Aim of the exercise
Copy out every line of the material below, character for character, apart from the pictures.

Recorded information
━━━━━━━━━━

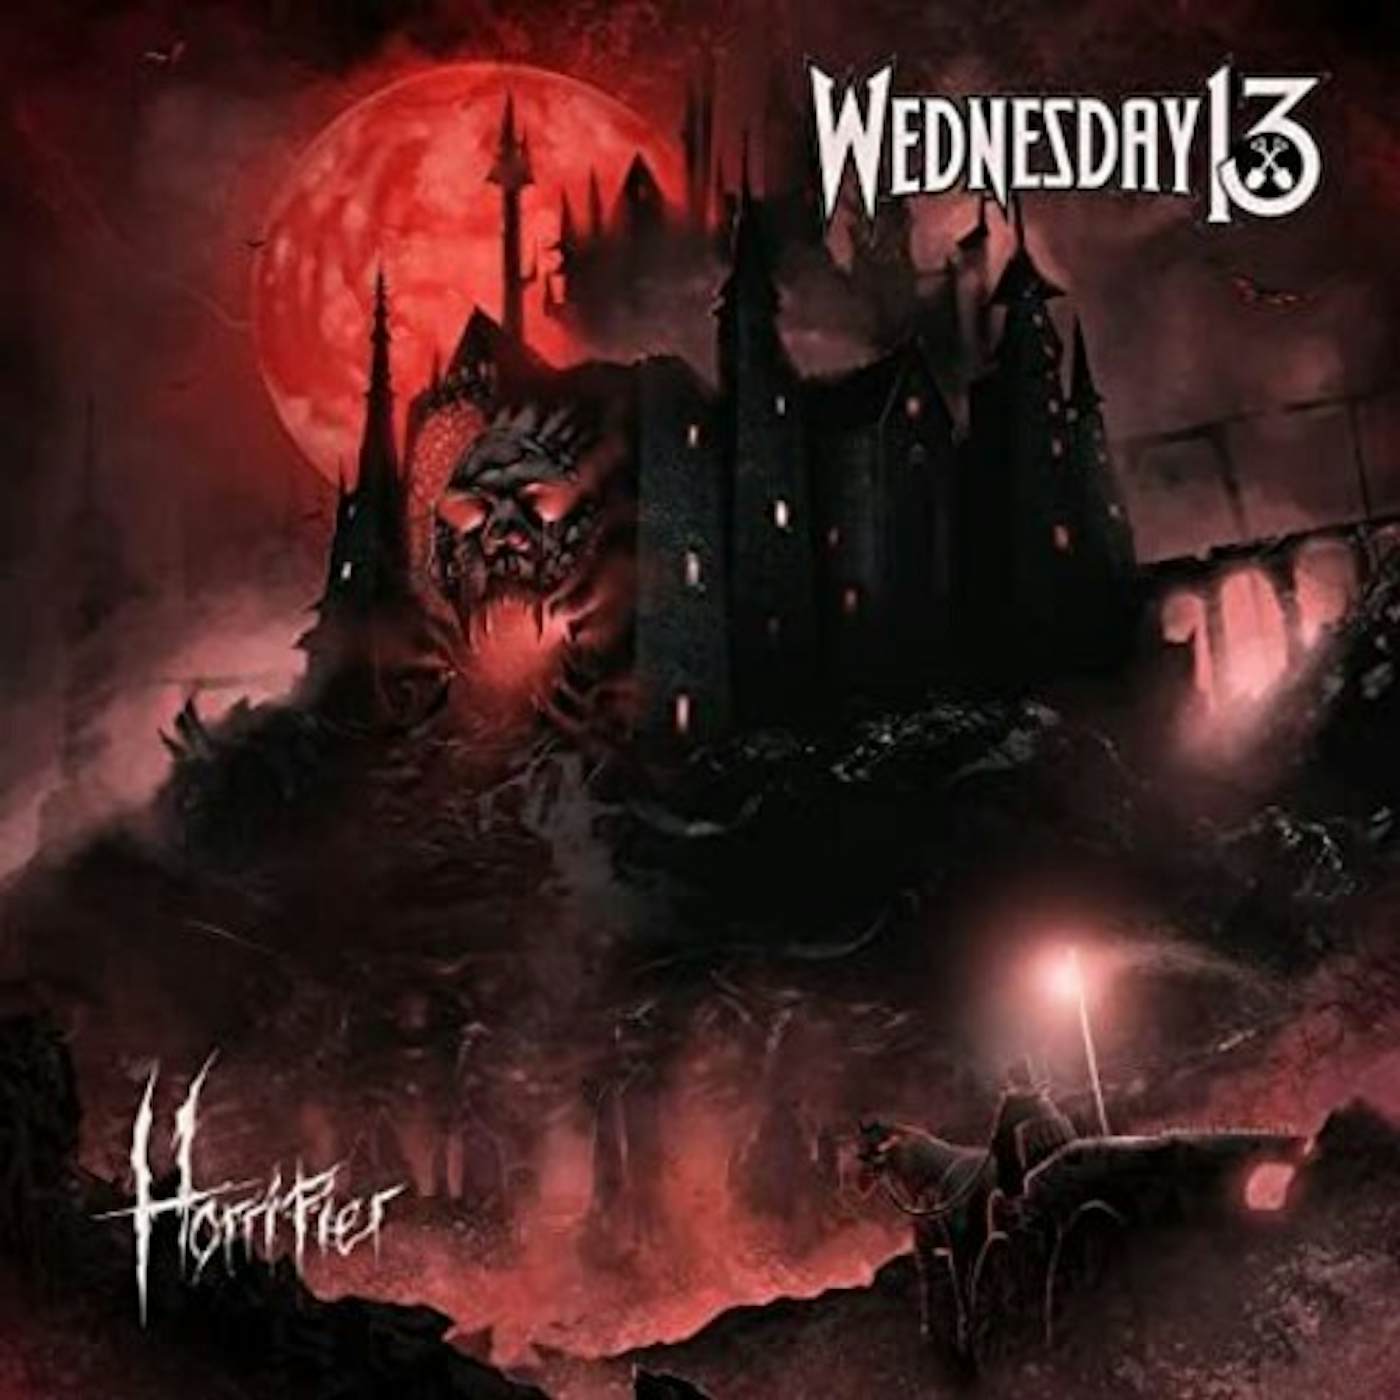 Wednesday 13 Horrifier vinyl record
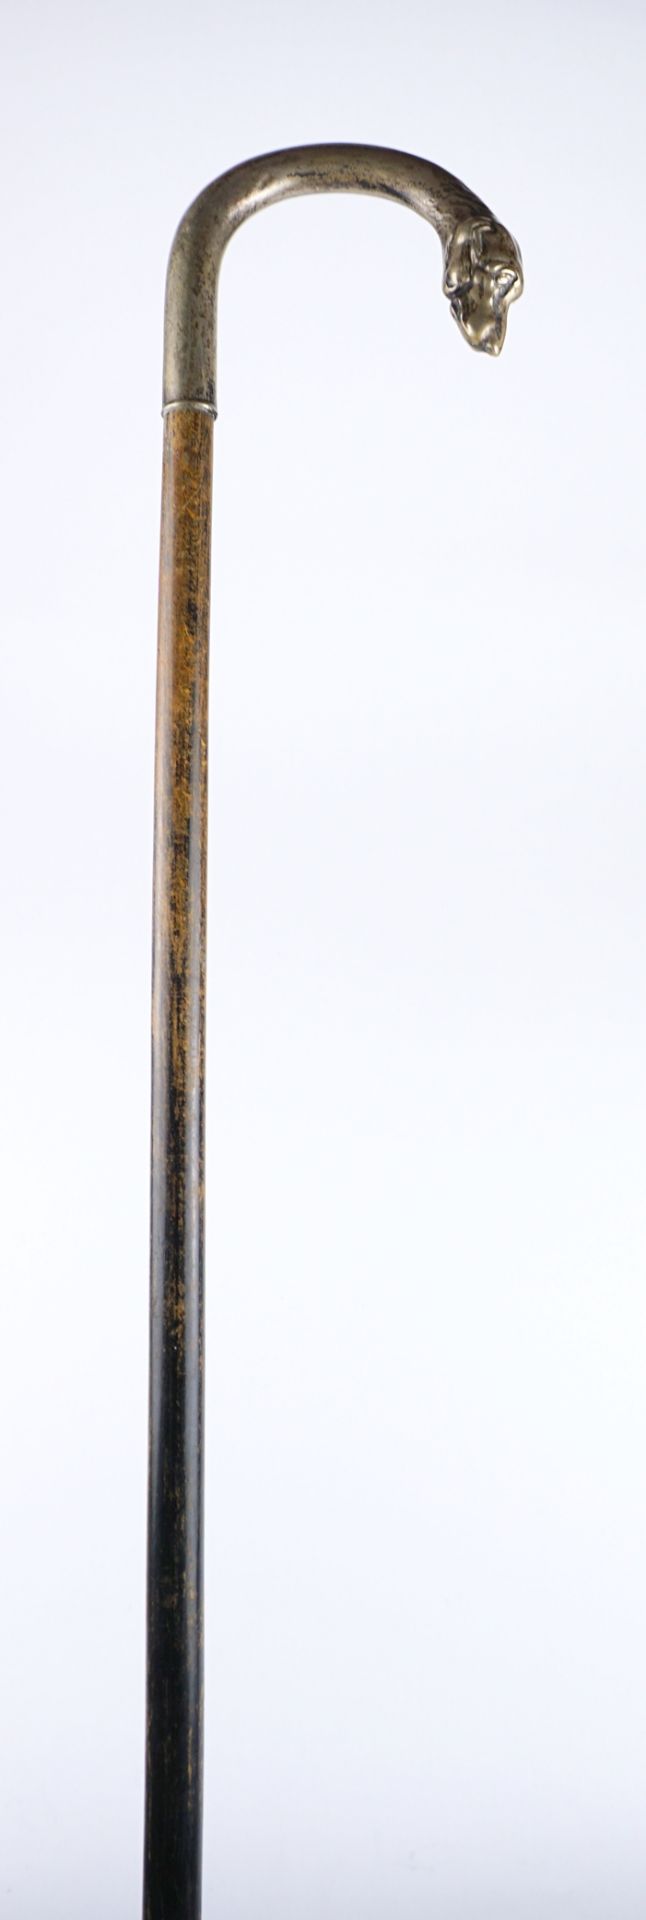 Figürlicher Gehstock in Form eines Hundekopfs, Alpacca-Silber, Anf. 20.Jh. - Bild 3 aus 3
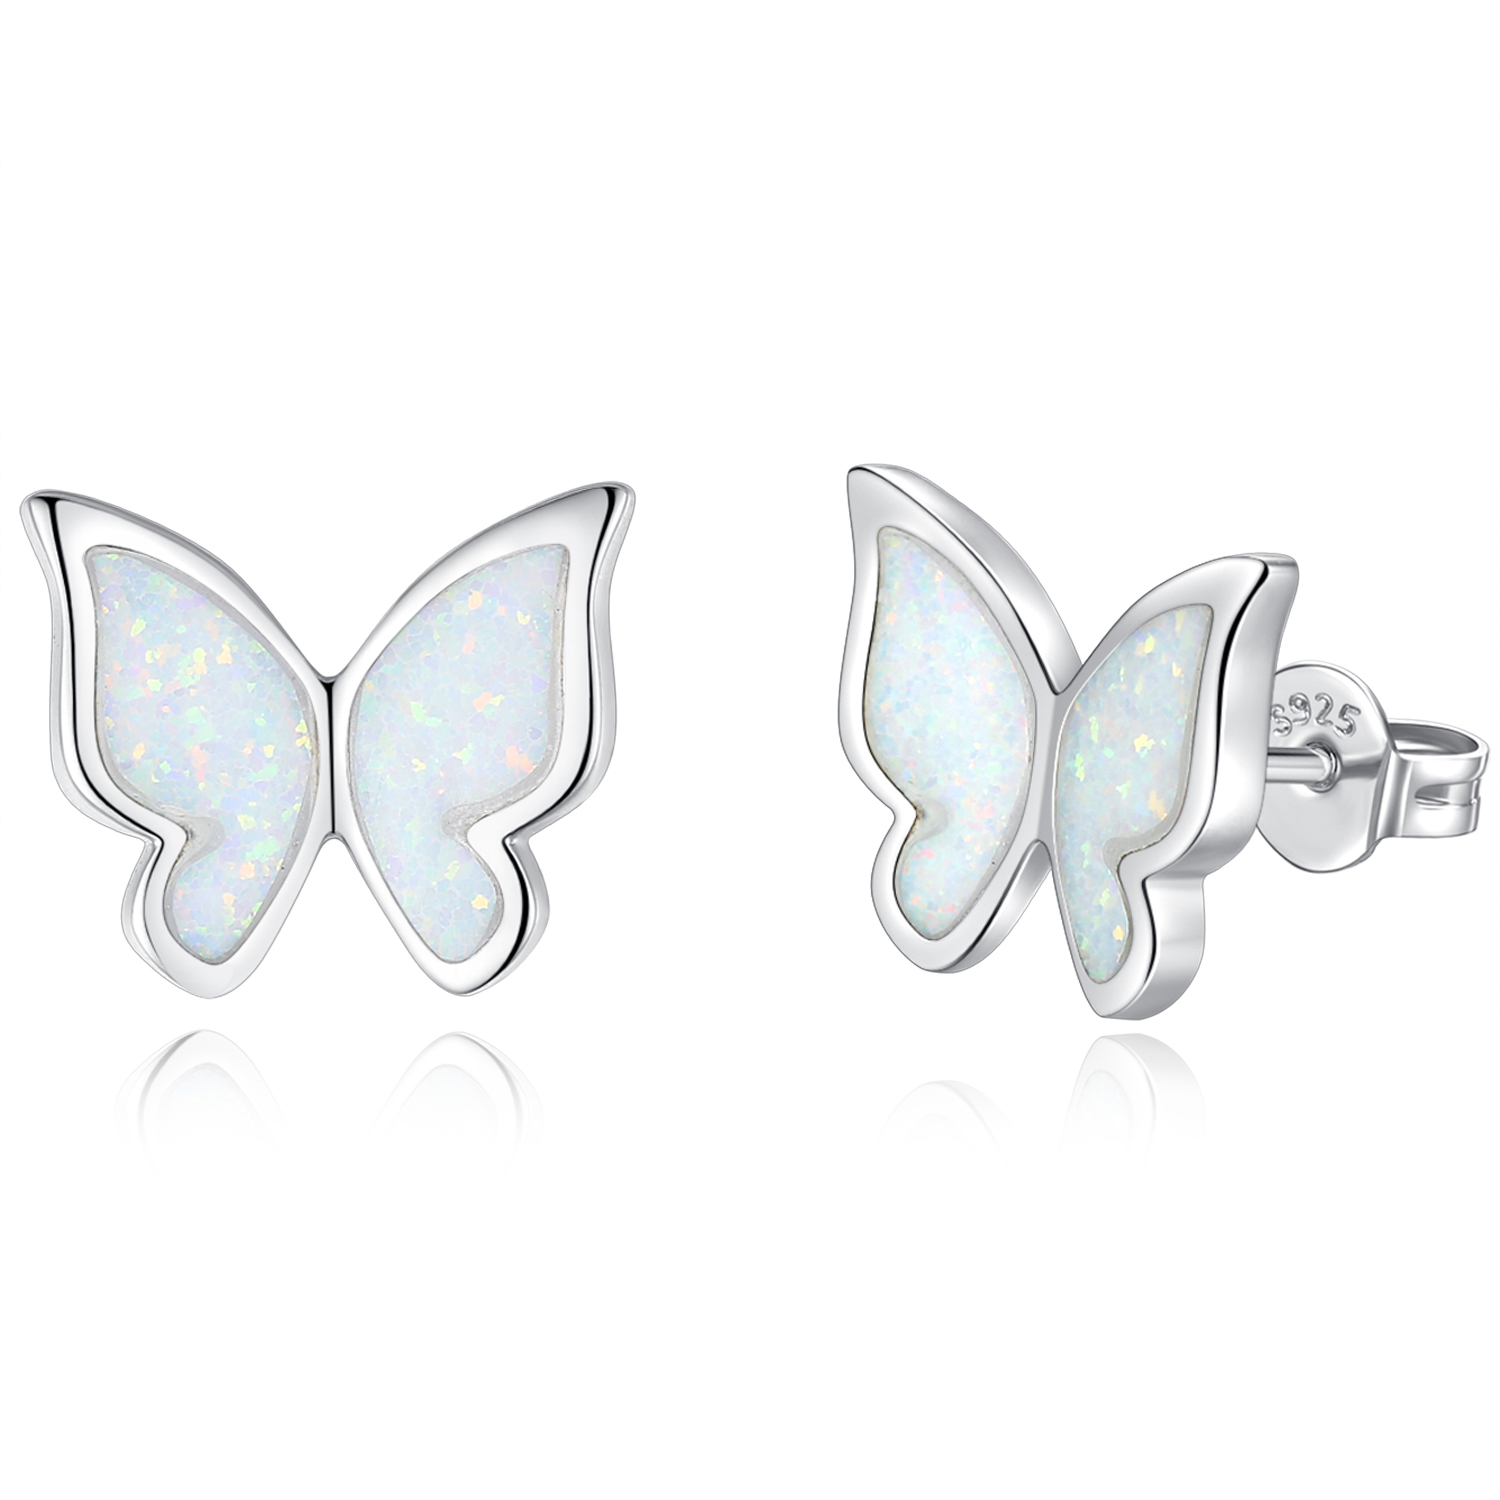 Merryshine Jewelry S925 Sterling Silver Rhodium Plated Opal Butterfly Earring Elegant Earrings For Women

━━━━━━━━━━

Response area
 Wednesday 13 Horrifier vinyl record
 Figürlicher Gehstock in Form eines Hundekopfs, Alpacca-Silber, Anf. 20.Jh. - Bild 3 aus 3
 Merryshine Jewelry S925 Sterling Silver Rhodium Plated Opal Butterfly Earring Elegant Earrings For Women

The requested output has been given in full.